Rh incompatibility, but not ABO incompatibility, has been examined as a risk factor for schizophrenia in several studies. A historical cohort study, conducted by Hollister et al. (1996) within a Danish sample born between 1959 and 1961, was the first study to explore the hypothesis. The authors restricted the analyses to males due to the small number of females diagnosed with schizophrenia within the cohort. They found that among the men, the rate of schizophrenia was significantly greater in the Rh incompatible group than in the Rh compatible group (RR = 2.78, 95% confidence interval = 1.2– 6.6). The risk was confined to second and later-born offspring from the Rh incompatible pregnancies. The study had some limitations: the restriction to male subjects, the use of hospital registry diagnoses for schizophrenia, and subject eligibility that was contingent on neonatal blood typing, which was not a routine procedure at that time. To further explore this association, Palmer et al. (2002) conducted a family-based candidate-gene study using patient–parent(s) pairs and trios comprising the youngest affected male or female sibling and at least one biological parent. The families were drawn from a Finnish sample born prior to the widespread use of anti-Rh (D) prophylaxis. Their estimated relative risk for Rh maternal–fetal genotype incompatibility was 2.6 (90% CI = 1.1, 6.0). Kraft et al. (2004) extended the work of Palmer et al. (2002) using the same Finnish sample and included all affected siblings within a family. They reported a relative risk of 1.7 (90% CI = 1.1, 2.5) in second and later born Rh incompatible offspring, based on the assumption that firstborn incompatibles were not at increased risk. While the sample of Palmer et al. (2002) and Kraft et al. (2004) appeared to contain a sufficient sample of females (respectively 38% and 42% of the entire sample), the effect estimates were not differentially reported by sex of affected offspring.

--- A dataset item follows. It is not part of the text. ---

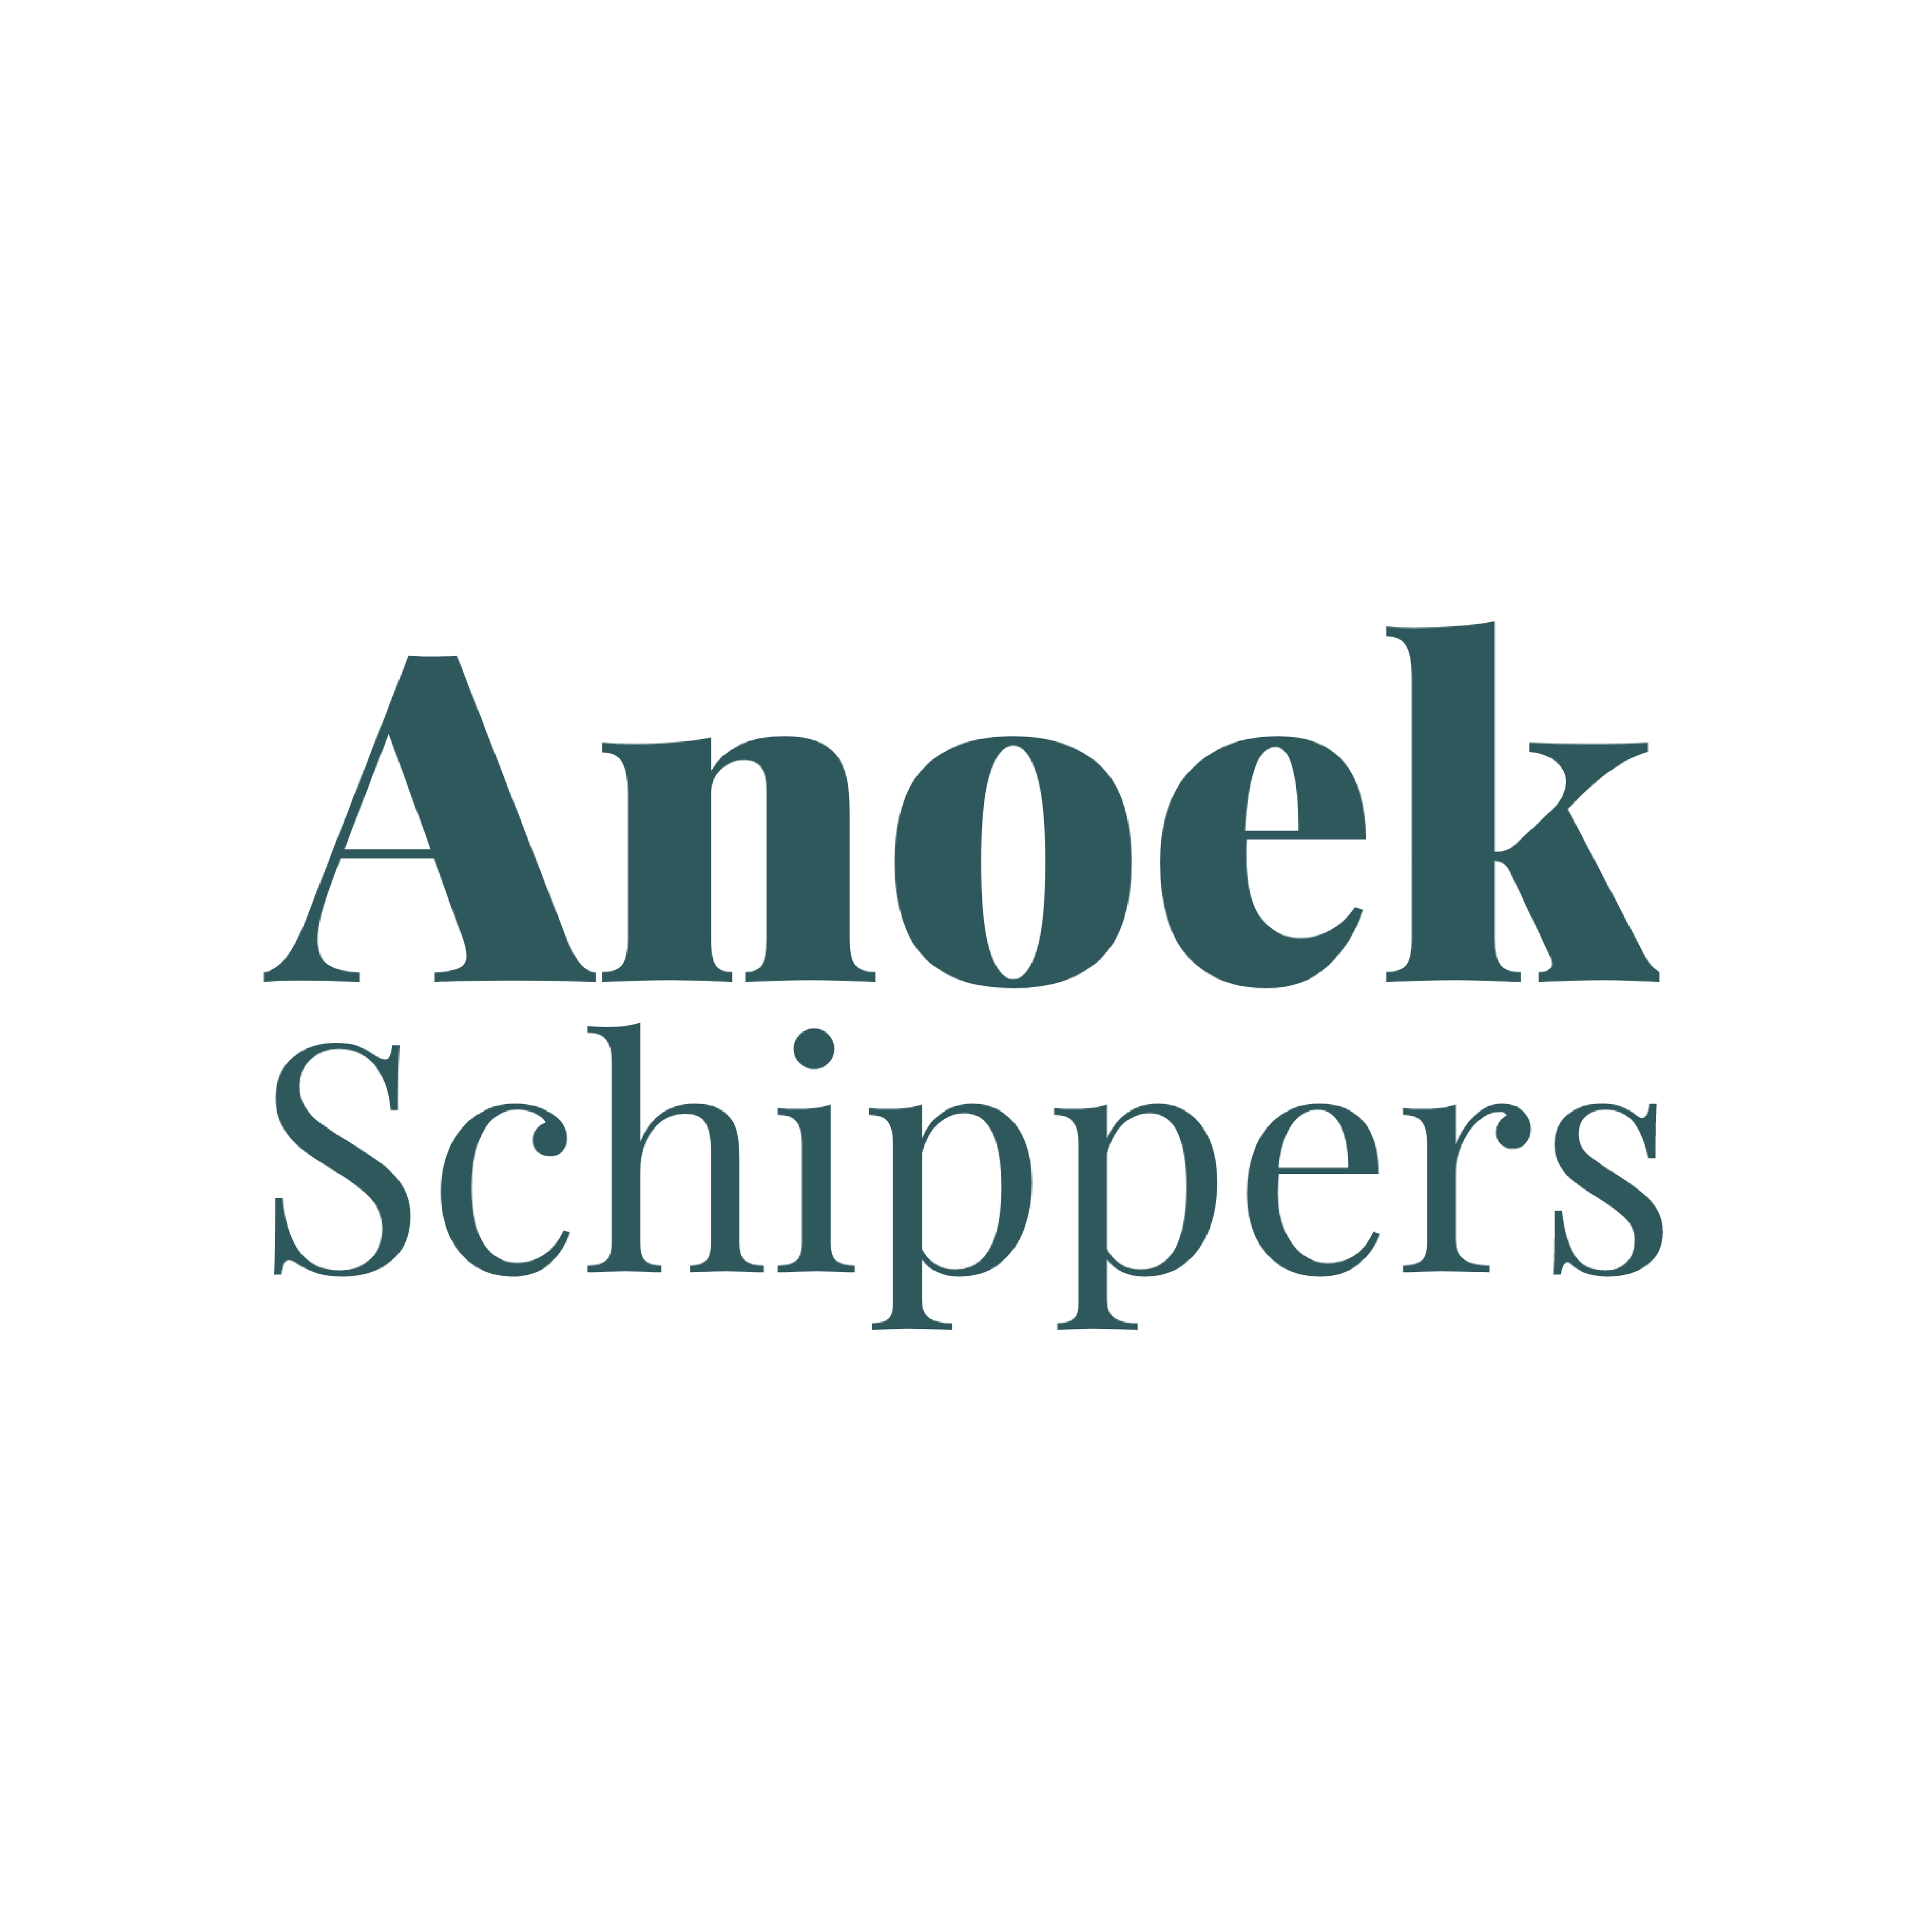 Anoek Schippers

The Rh incompatibility–schizophrenia association has also been tangentially included in epidemiologic studies that investigated the etiologic contribution of obstetric complications. Two meta-analyses (Geddes et al., 1999, Cannon et al., 2002) examined the association within mixed-sex samples, in which both excluded the study of Hollister et al. (1996). Assembling ten studies, Geddes et al. (1999) calculated a summary odds ratio of 1.40 (95% CI = 0.54– 3.63) for Rh incompatibility and Cannon et al. (2002), aggregating three other studies, derived a summary odds ratio of 2.00 (95% CI = 1.01– 3.96) for the effect of their Rhesus variable. (The studies evaluated different Rhesus related factor. Sacker et al. (1995), Kendell et al. (2000), and Byrne et al. (2000) estimated respectively the effect of maternal Rh negativity, Rh antibodies, and Rh incompatibility).

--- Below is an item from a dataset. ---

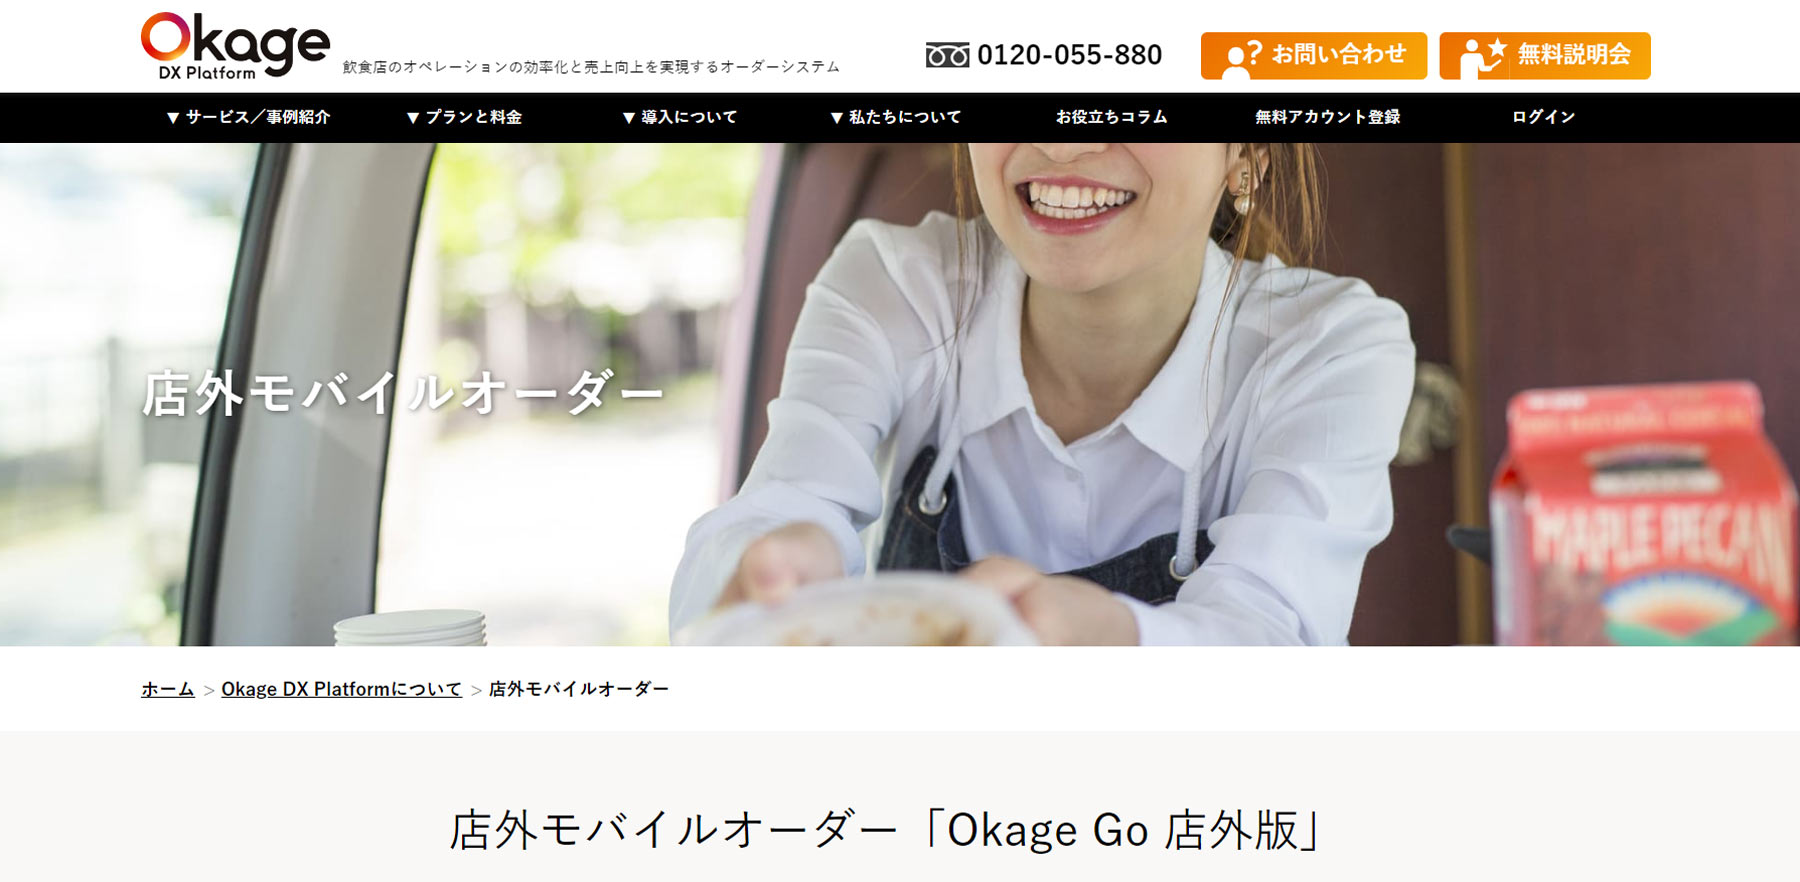 Okage Go 店外版公式Webサイト

The epidemiologic literature on schizophrenia has consistently shown that males and females differ in terms of premorbid functioning, age at onset, symptomatology, treatment response, and course (Goldstein, 1997). Similarly, male infants are more severely affected by Rh hemolytic disease and kernicterus than their female counterparts (Walker and Mollison, 1957, Ulm et al., 1998). Based on these observations and from the study of Hollister et al. (1996), we posited that sex of the offspring would modify the effect of maternal–fetal blood incompatibility on the risk of schizophrenia.

We examined the effect of Rh and ABO incompatibility in offspring from the Prenatal Determinants of Schizophrenia (PDS) study (Susser et al., 2000), a prospective study drawn from a large birth cohort born before the availability of anti-Rh (D) prophylaxis. The PDS study featured comprehensive measures of prenatal and perinatal exposures, including the blood types of mother and infant, and implemented rigorous diagnostic assessments of adult schizophrenia outcome in the offspring. In addition, the cohort had an appreciable number of female offspring, which enabled us to examine interaction between Rh and ABO incompatibility and sex of offspring on the risk of schizophrenia.